§ **Exercise instructions**:
When you write out the listing, keep every character and omit the pictures.

*** Opening Available data ***

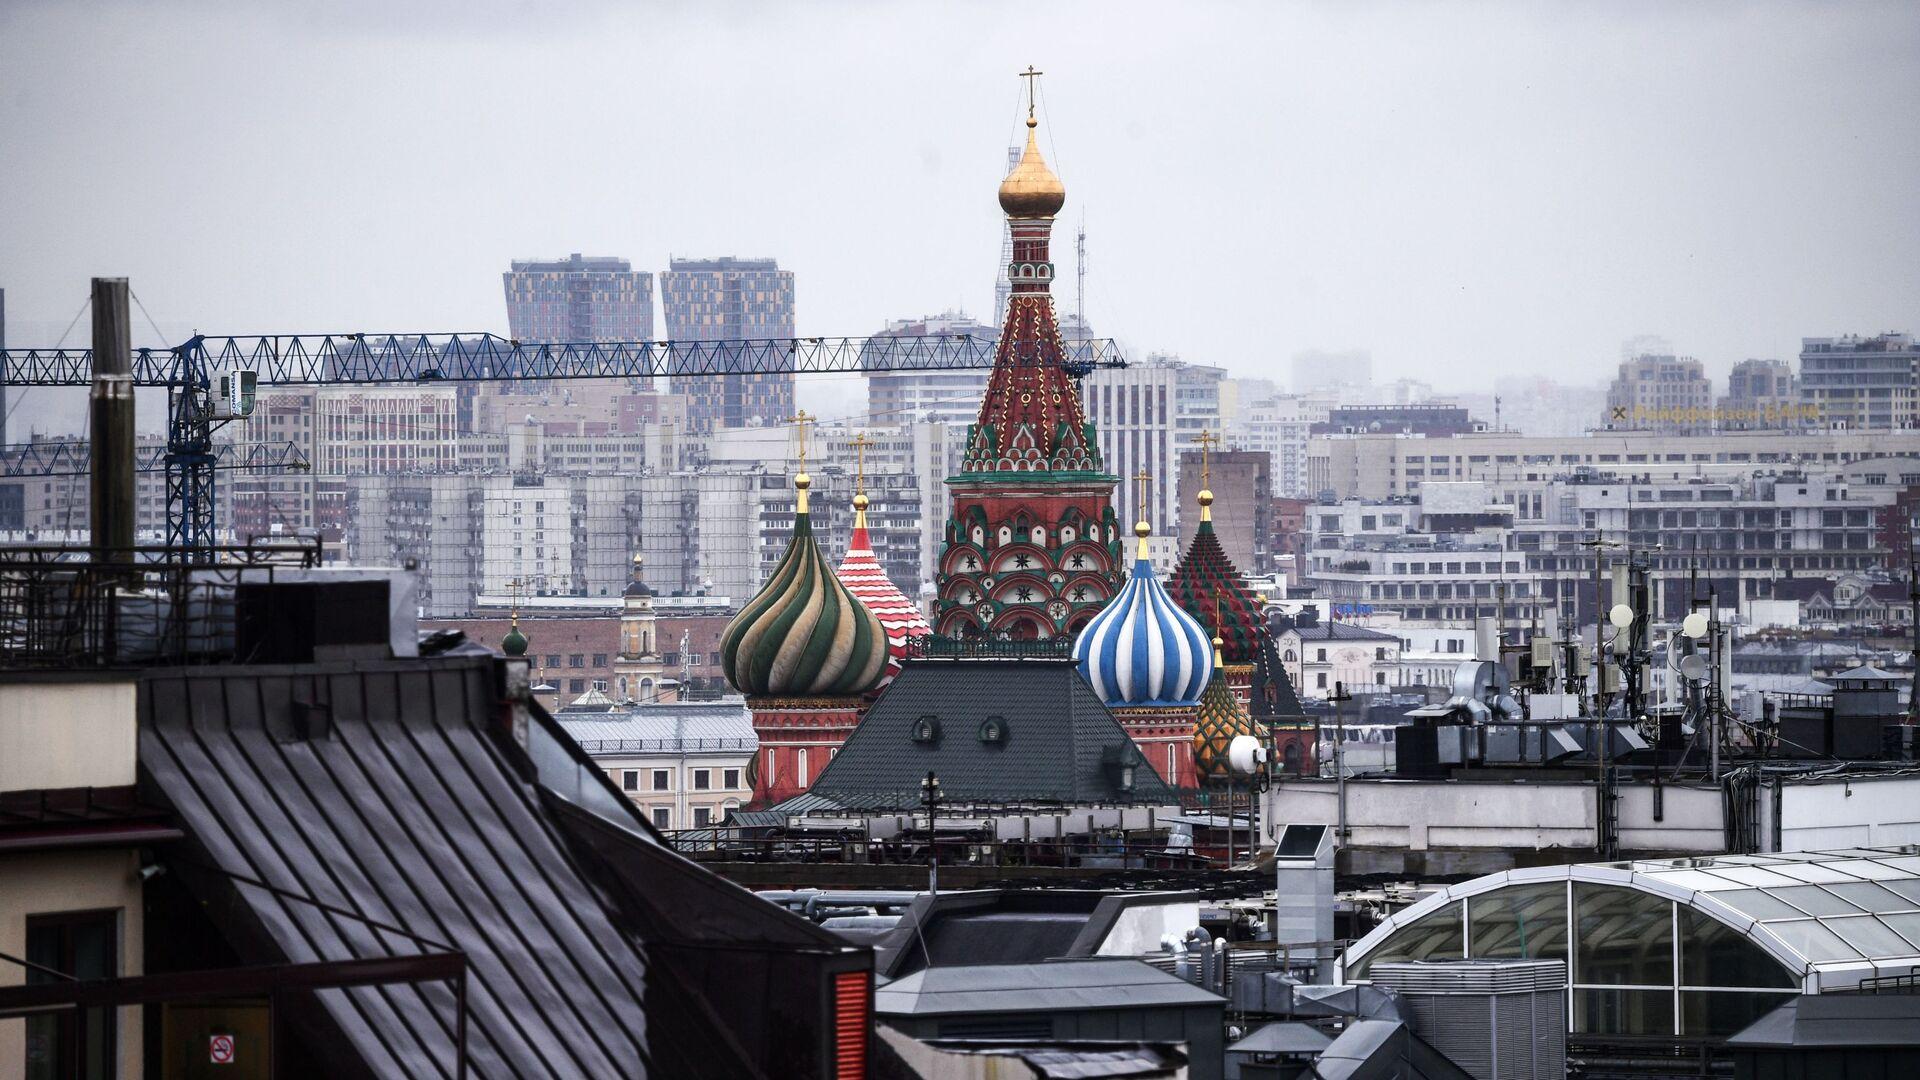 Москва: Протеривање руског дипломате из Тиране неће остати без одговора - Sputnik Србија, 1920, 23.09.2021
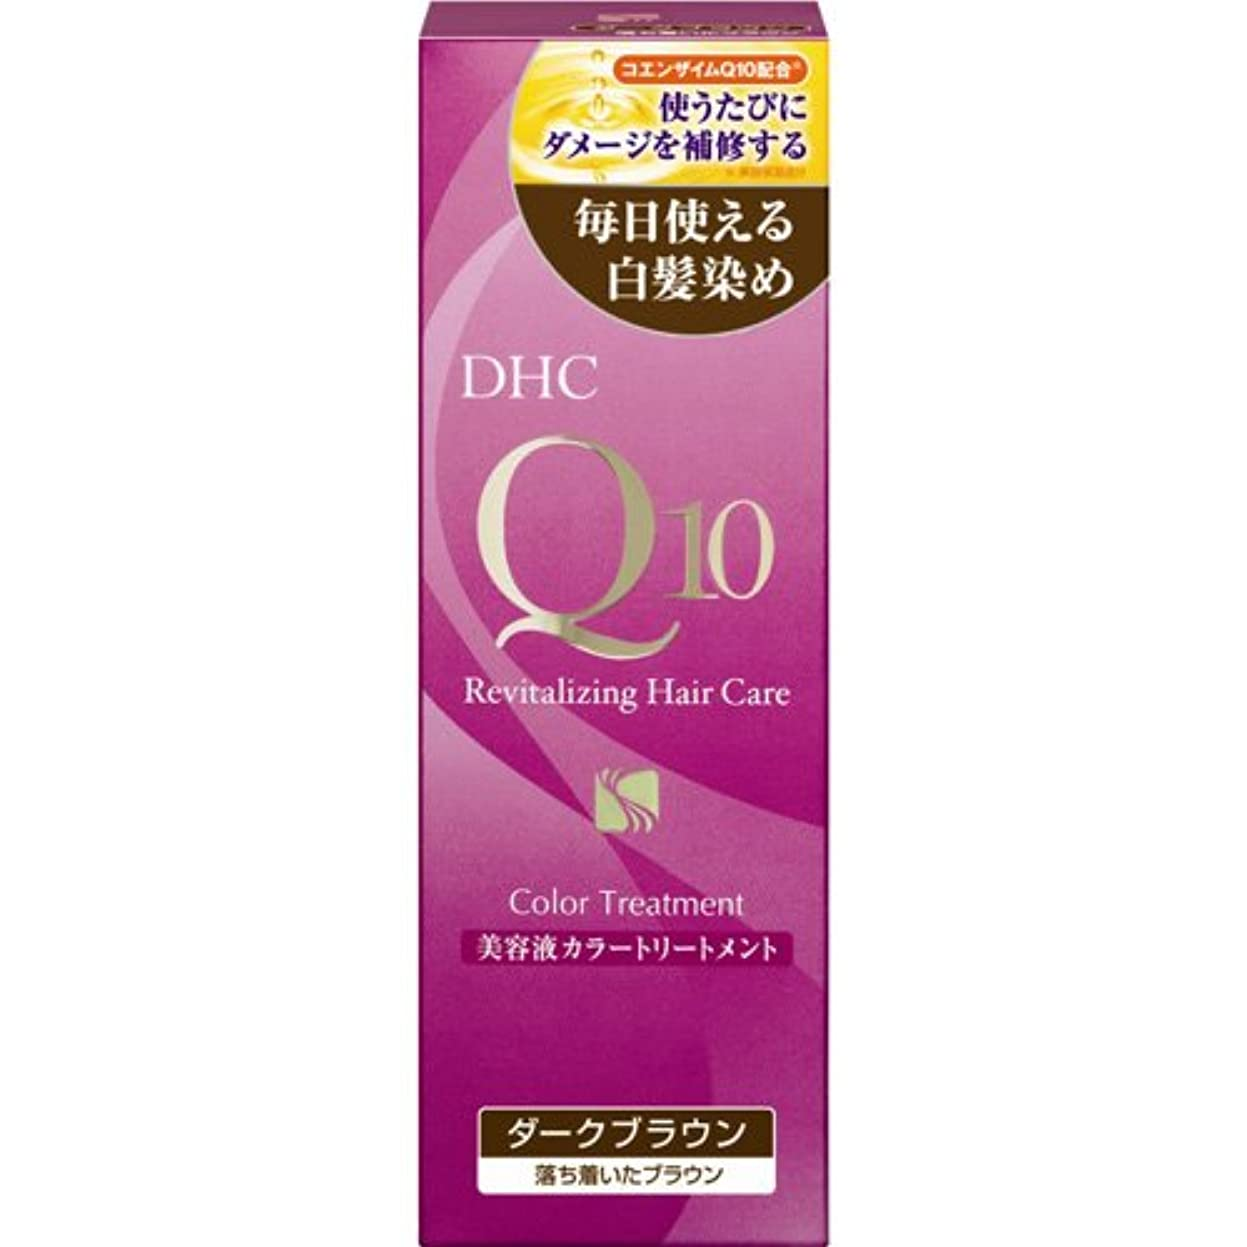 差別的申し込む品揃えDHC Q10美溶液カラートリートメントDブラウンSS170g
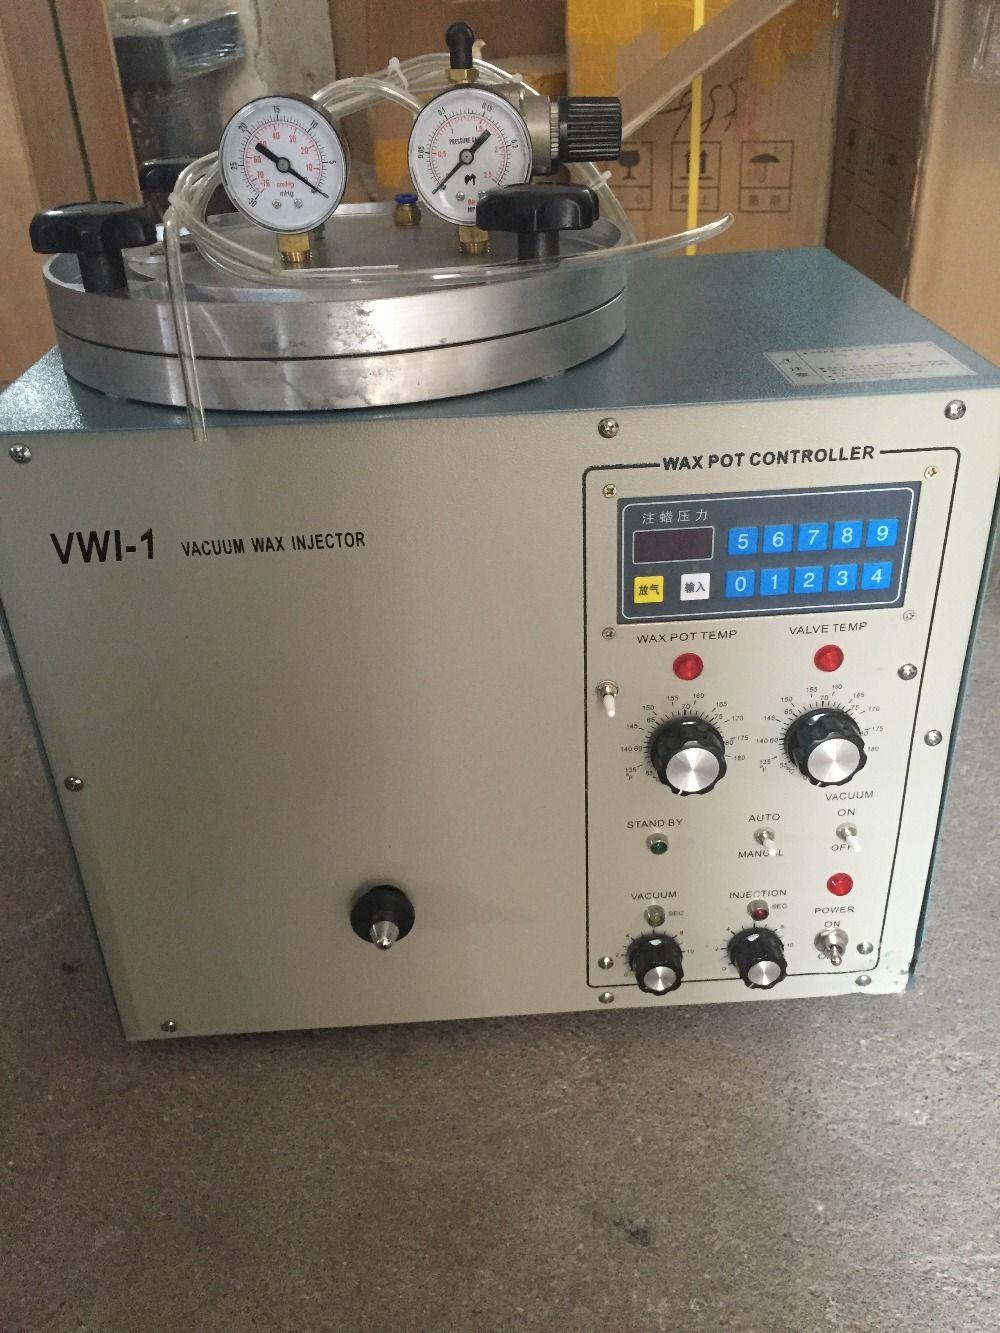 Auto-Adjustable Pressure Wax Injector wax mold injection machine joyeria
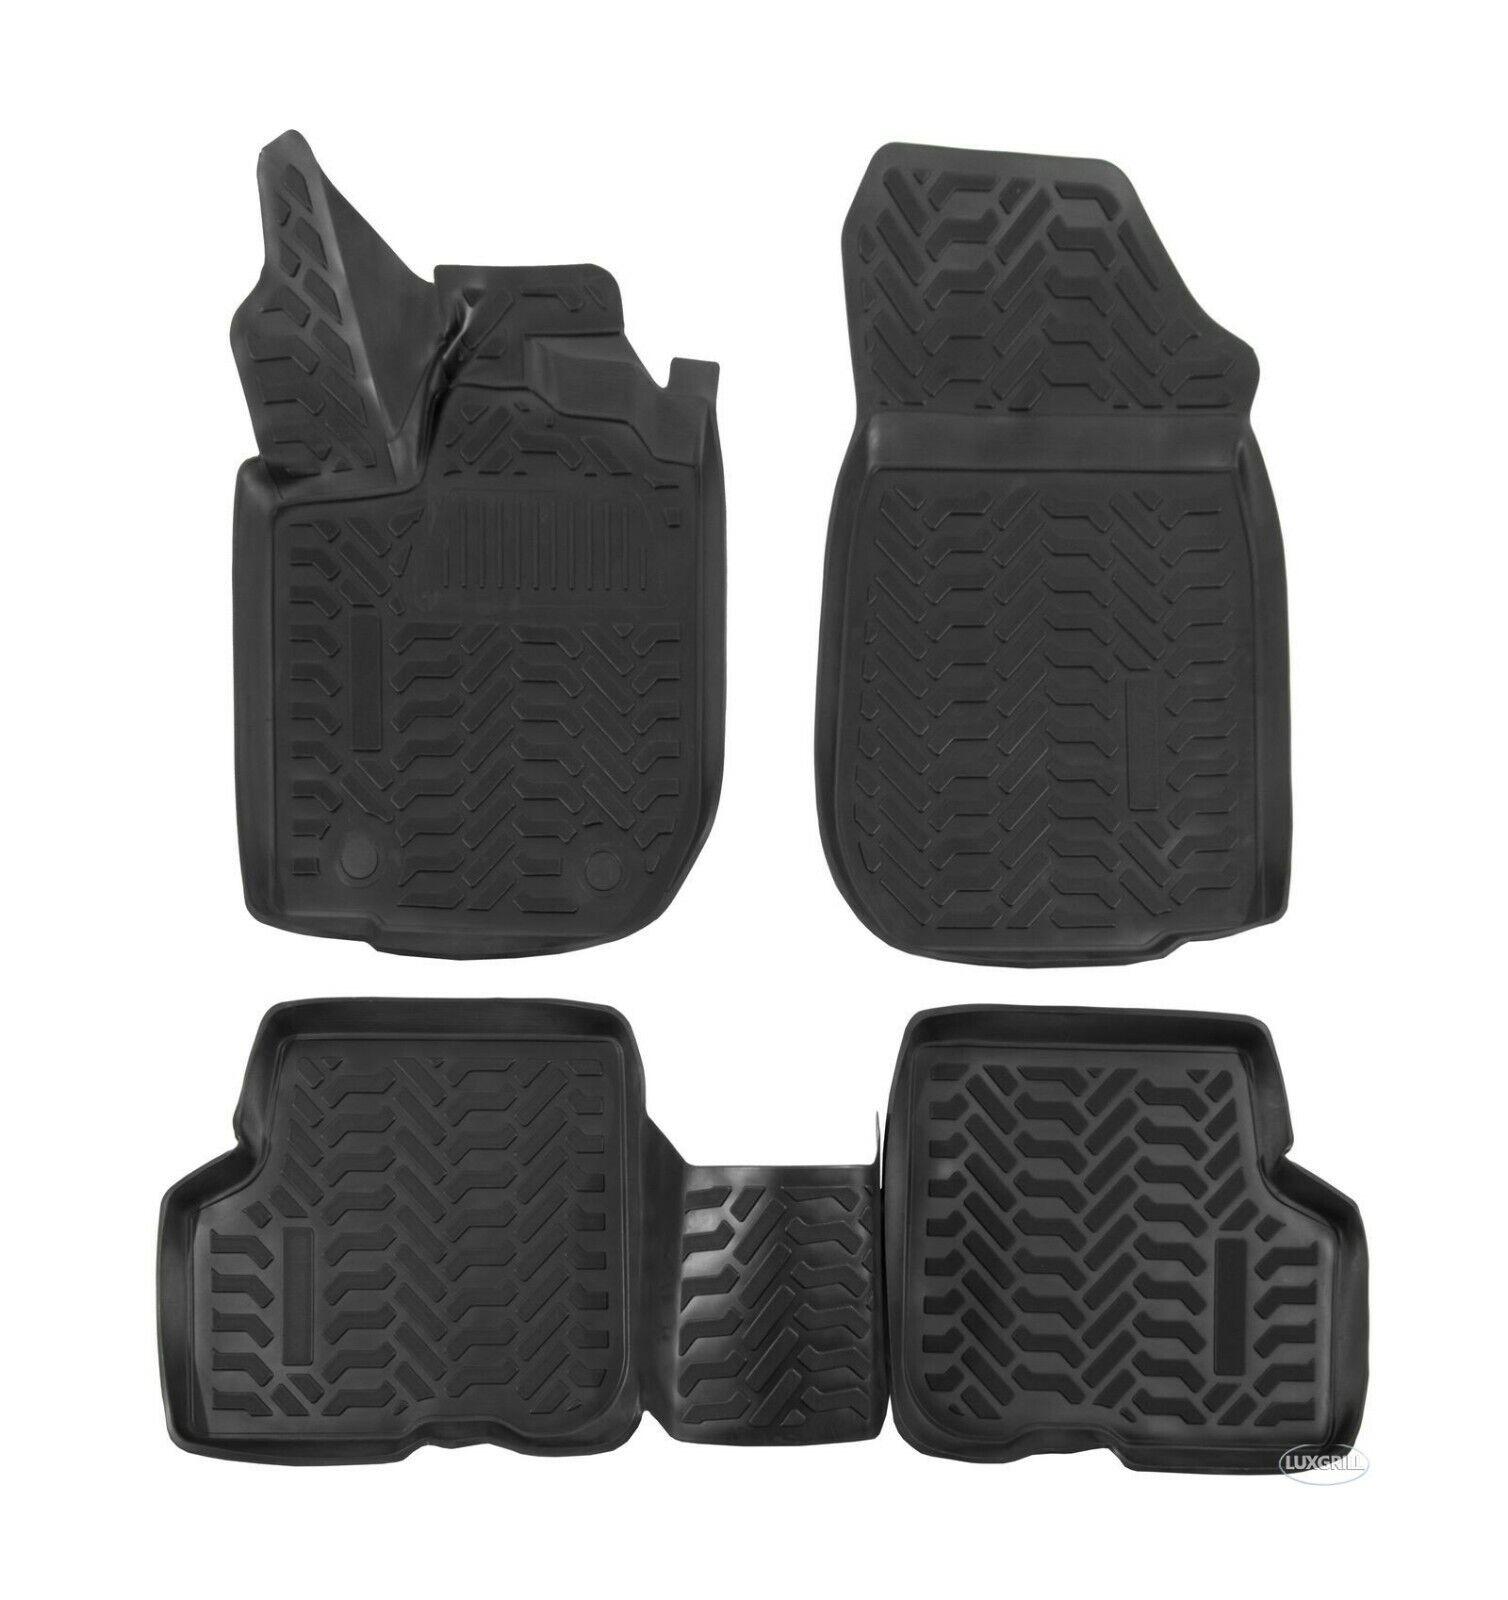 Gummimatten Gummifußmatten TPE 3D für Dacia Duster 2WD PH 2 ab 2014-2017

*** Closing Available data ***

§ **Task response**:
 Москва: Протеривање руског дипломате из Тиране неће остати без одговора - Sputnik Србија, 1920, 23.09.2021
 差別的申し込む品揃えDHC Q10美溶液カラートリートメントDブラウンSS170g
 Auto-Adjustable Pressure Wax Injector wax mold injection machine joyeria
 Gummimatten Gummifußmatten TPE 3D für Dacia Duster 2WD PH 2 ab 2014-2017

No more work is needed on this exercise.